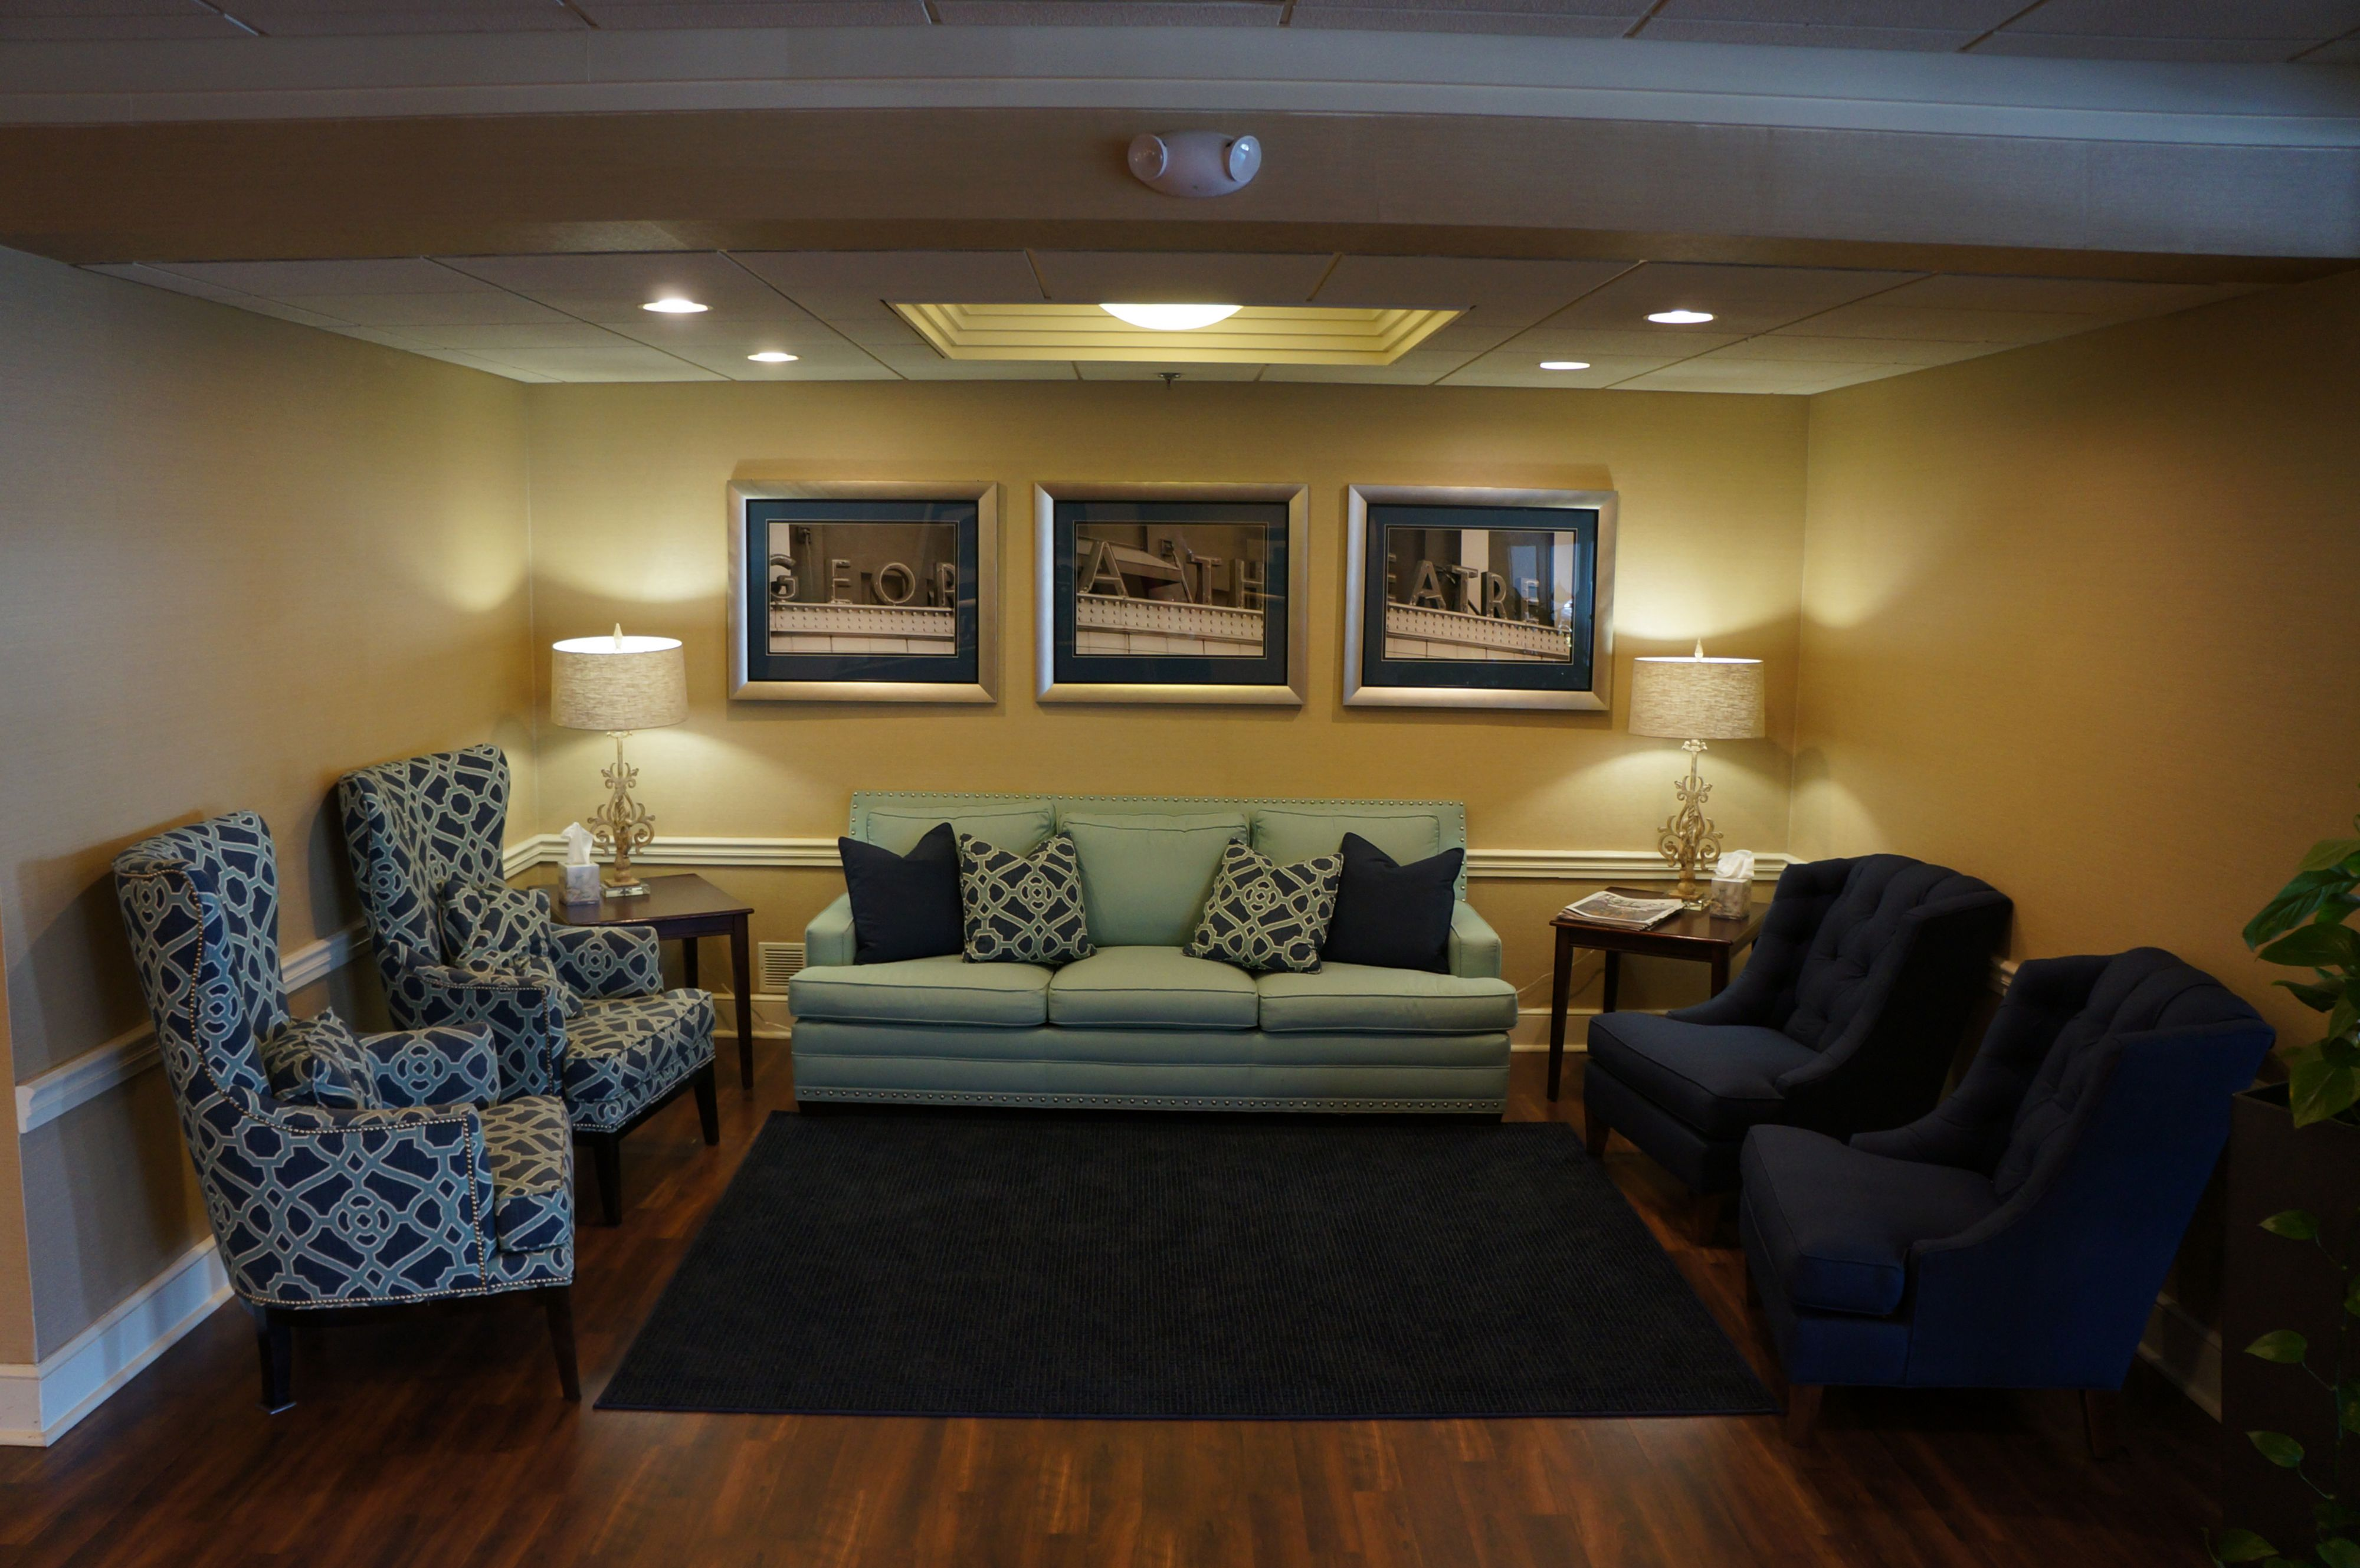 Holiday Inn Athens-University Area image 7
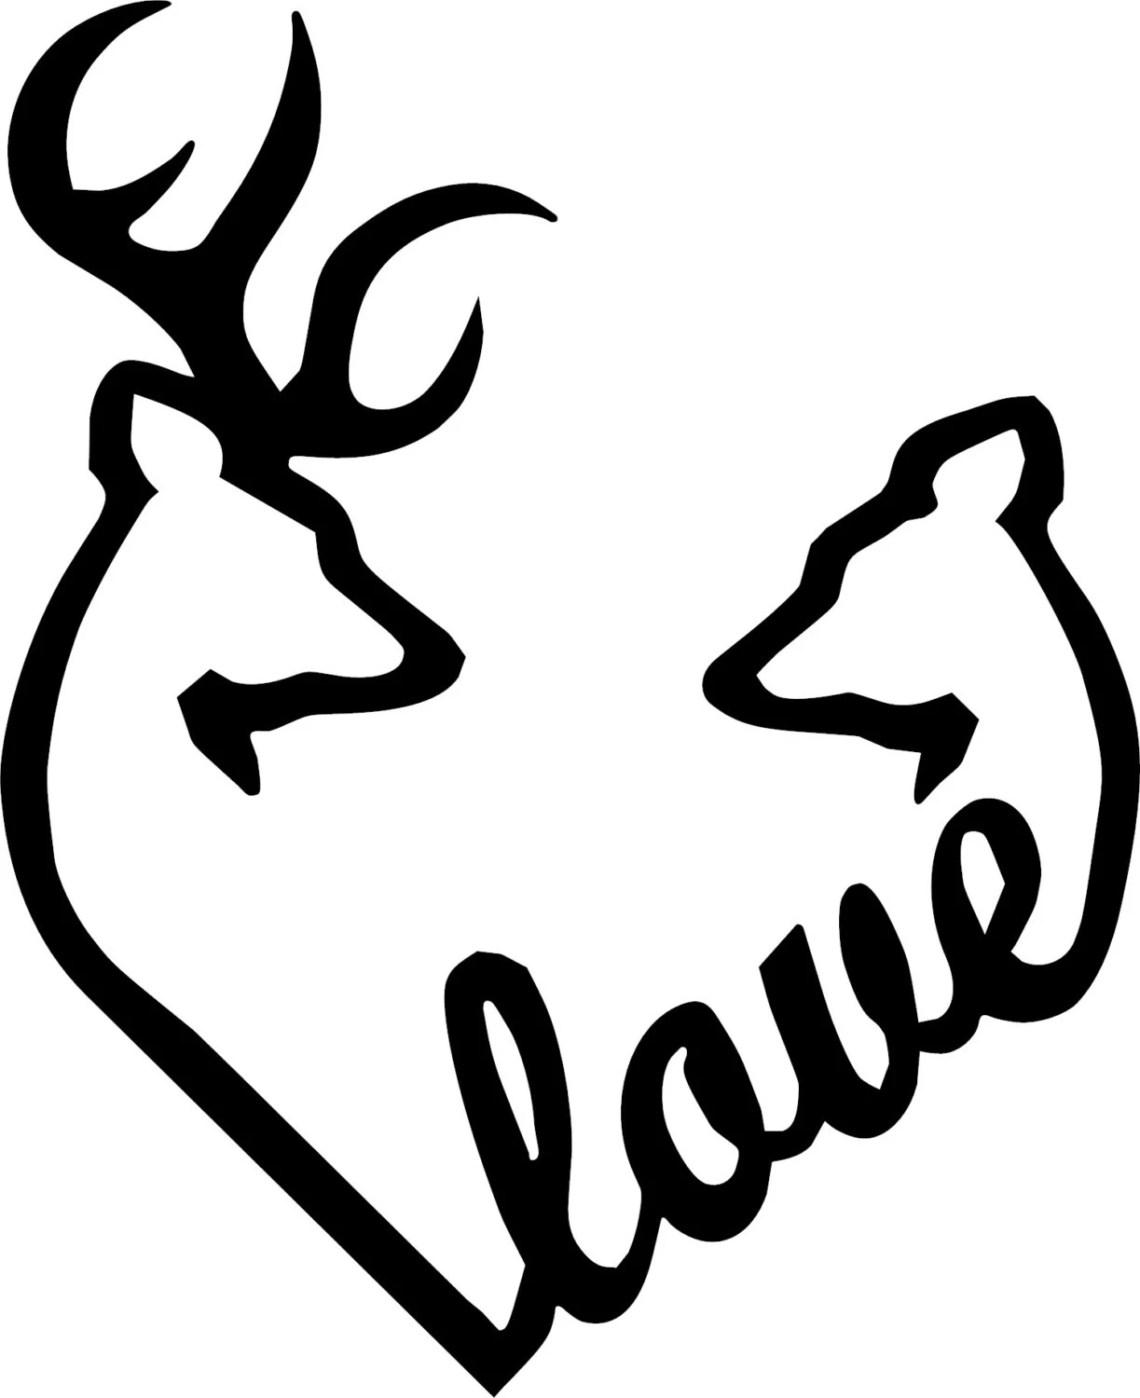 Download Browning Love Heart Deer Buck and Doe vinyl decal | Etsy
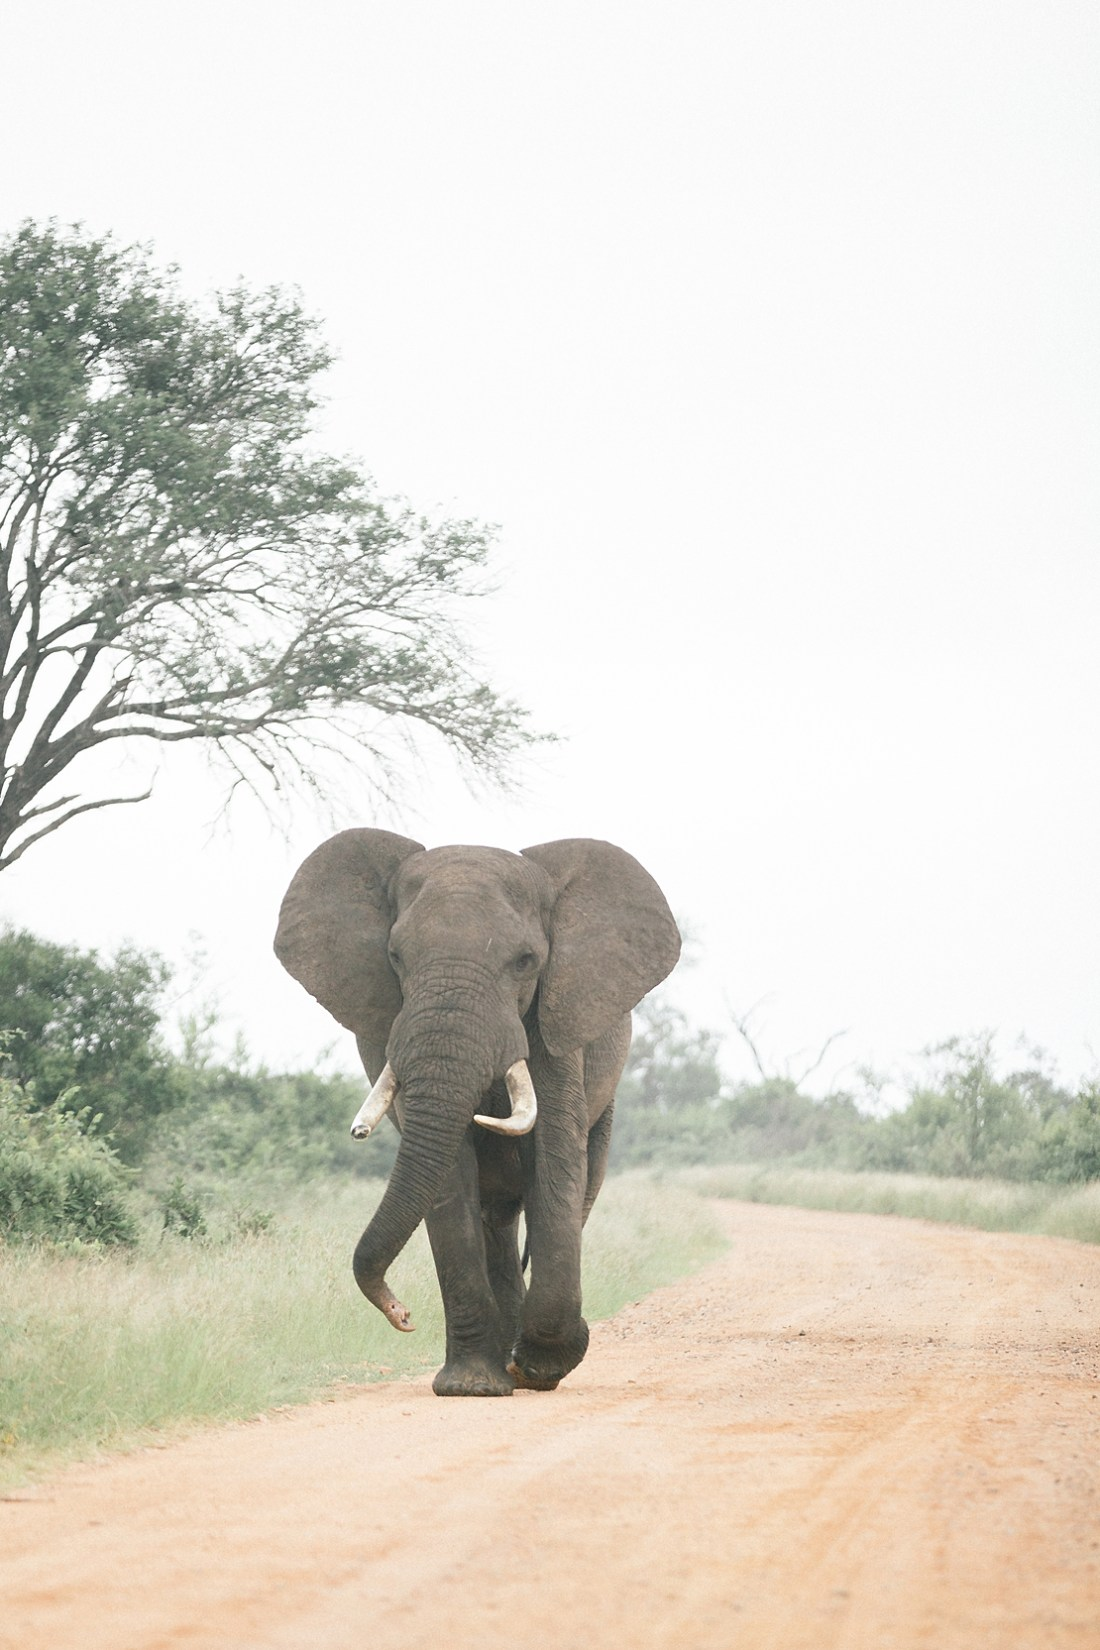 Bull elephant in Kruger national park

===============

**Task prompt**
Print out the whole of the material word for word, without pictures.

**Answer for this exercise**
 Holiday Inn Athens-University Area image 7
 Download Browning Love Heart Deer Buck and Doe vinyl decal | Etsy
 Bull elephant in Kruger national park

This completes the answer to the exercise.